Some cancer cells can enter a dormant, sleep-like state that helps them survive treatment. Instead of continuing to grow and divide, these cells become largely inactive, allowing them to avoid the effects of many cancer drugs.
In certain forms of cancer, including some types of lung cancer, stress hormones can trigger this response. Specialized proteins called glucocorticoid receptors detect those hormones inside tumor cells. Once activated, the receptors can push the cells into a dormant state where cell division slows dramatically. As a result, many therapies become far less effective.
Researchers have been searching for ways to disable these receptors and wake the cancer cells from dormancy, making them easier to target and destroy.
Using Light To Target Tumor Cells
A major challenge is that glucocorticoid receptors are found throughout the body, not just in cancer cells. These receptors play essential roles in controlling inflammation and supporting normal immune system function.
Because of this, eliminating glucocorticoid receptors everywhere in the body would cause serious side effects. Any successful treatment must therefore target tumor cells while leaving healthy tissue largely unaffected.
Scientists at ETH Zurich have developed a potential solution. They created a system that triggers the destruction of glucocorticoid receptors inside tumor cells while allowing researchers to use light to selectively switch off the process in nearby healthy tissue.
“This system is based on existing medical technology and therefore offers a realistic prospect of localized therapies,” says Robin Scheuplein, joint first author of the study and a doctoral student in the research group led by Katharina Gapp, Professor of Epigenetics and Neuroendocrinology.
Harnessing the Body’s Protein Recycling System
The new approach takes advantage of a natural cellular recycling process. Normally, cells identify damaged or defective proteins and mark them for disposal by attaching a small molecular tag, essentially labeling them as cellular waste. Once tagged, those proteins are broken down and removed.
The ETH Zurich team adapted this process to specifically target glucocorticoid receptors in tumor cells.
To accomplish this, the researchers designed a molecular switch consisting of three components. One part attaches to the glucocorticoid receptor. Another attaches to the enzyme responsible for placing the disposal tag. Between them is a flexible connector.
The connector is the key to the system. Under normal lighting conditions, it remains extended, positioning the enzyme close enough to label the receptor for destruction. The cell then breaks down and removes the receptor.
When exposed to light of a specific wavelength, however, the connector bends. This change prevents the enzyme and receptor from aligning properly, stopping the tagging process and preventing receptor destruction.
Waking Dormant Lung Cancer Cells
The technology emerged from a collaboration among several research groups at ETH Zurich. As part of the project, the team led by Professor of Organic Synthesis Erick Carreira produced multiple versions of the connector component.
Testing showed that two of these connectors behaved exactly as intended. Light could reliably switch the system between an active state that destroys glucocorticoid receptors and an inactive state that leaves them untouched.
The long-term goal is to use this technology for highly precise cancer treatments.

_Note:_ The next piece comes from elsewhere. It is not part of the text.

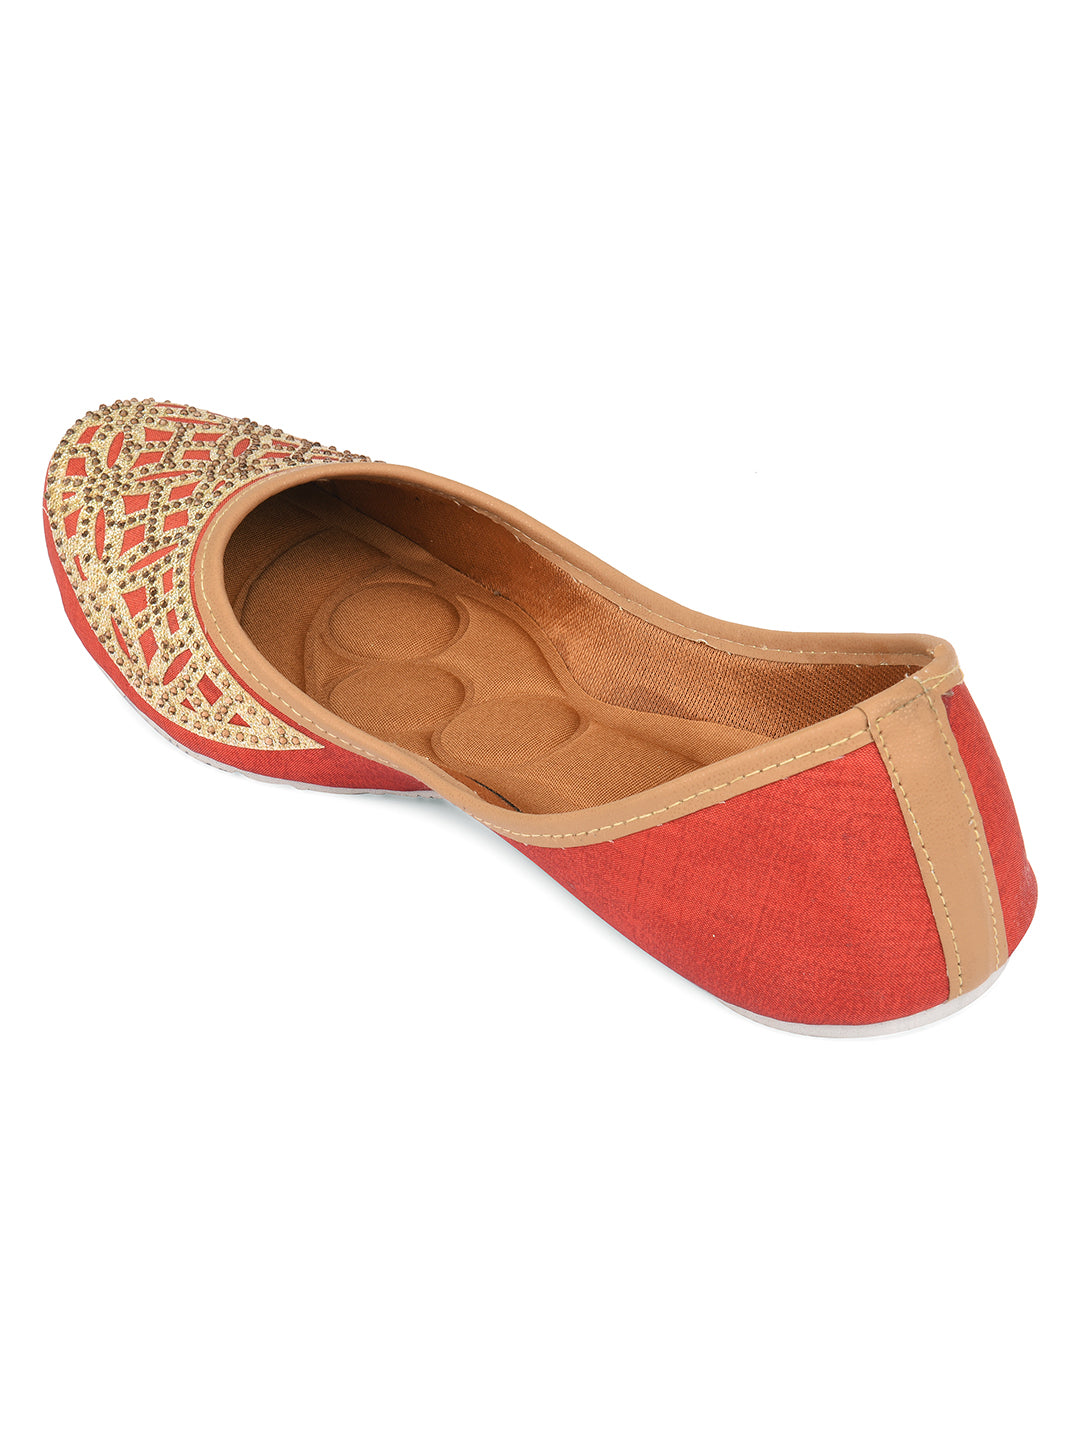 DESI COLOUR Women Red Embellished Mojaris with Laser Cuts Flats

Researchers envision injecting the switch directly into a tumor and then using light to deactivate any molecules that move into surrounding healthy tissue.
“Activity can therefore be strictly limited to the tumor core, preserving the surrounding tissue and causing significantly fewer side effects. The effect is reversible and can be controlled precisely,” says Scheuplein.
In laboratory cultures of lung cancer cells, the team observed the expected biological response. The treatment rapidly broke down glucocorticoid receptors within the tumor cells. Analyses of gene activity also indicated that the cells emerged from their dormant state.
“Of course, this will now need to be verified in living organisms as well,” says Scheuplein.
Potential Applications Beyond Lung Cancer
The researchers emphasize that additional development is still needed before the system can be used in cancer patients.
One limitation is that light can penetrate only a few millimeters into tissue. To create the desired protective boundary around a tumor, the light source must be positioned close to the treatment area. In lung cancer, for example, this could potentially be accomplished with an endoscope.
For tumors located deeper inside the body, the team hopes to develop versions of the switch that respond to longer wavelengths of light, such as near-infrared light, which can travel farther through tissue and do so more gently.
The platform may also have applications beyond glucocorticoid receptors.
“We’ve developed a modular system that we can also use to switch off other receptors,” explains Scheuplein.
Potential targets include the estrogen receptor involved in hormone-dependent breast cancer and the androgen receptor associated with advanced prostate cancer. The system is also ready for use as a research tool to help scientists better understand complex signaling pathways involved in cancer biology.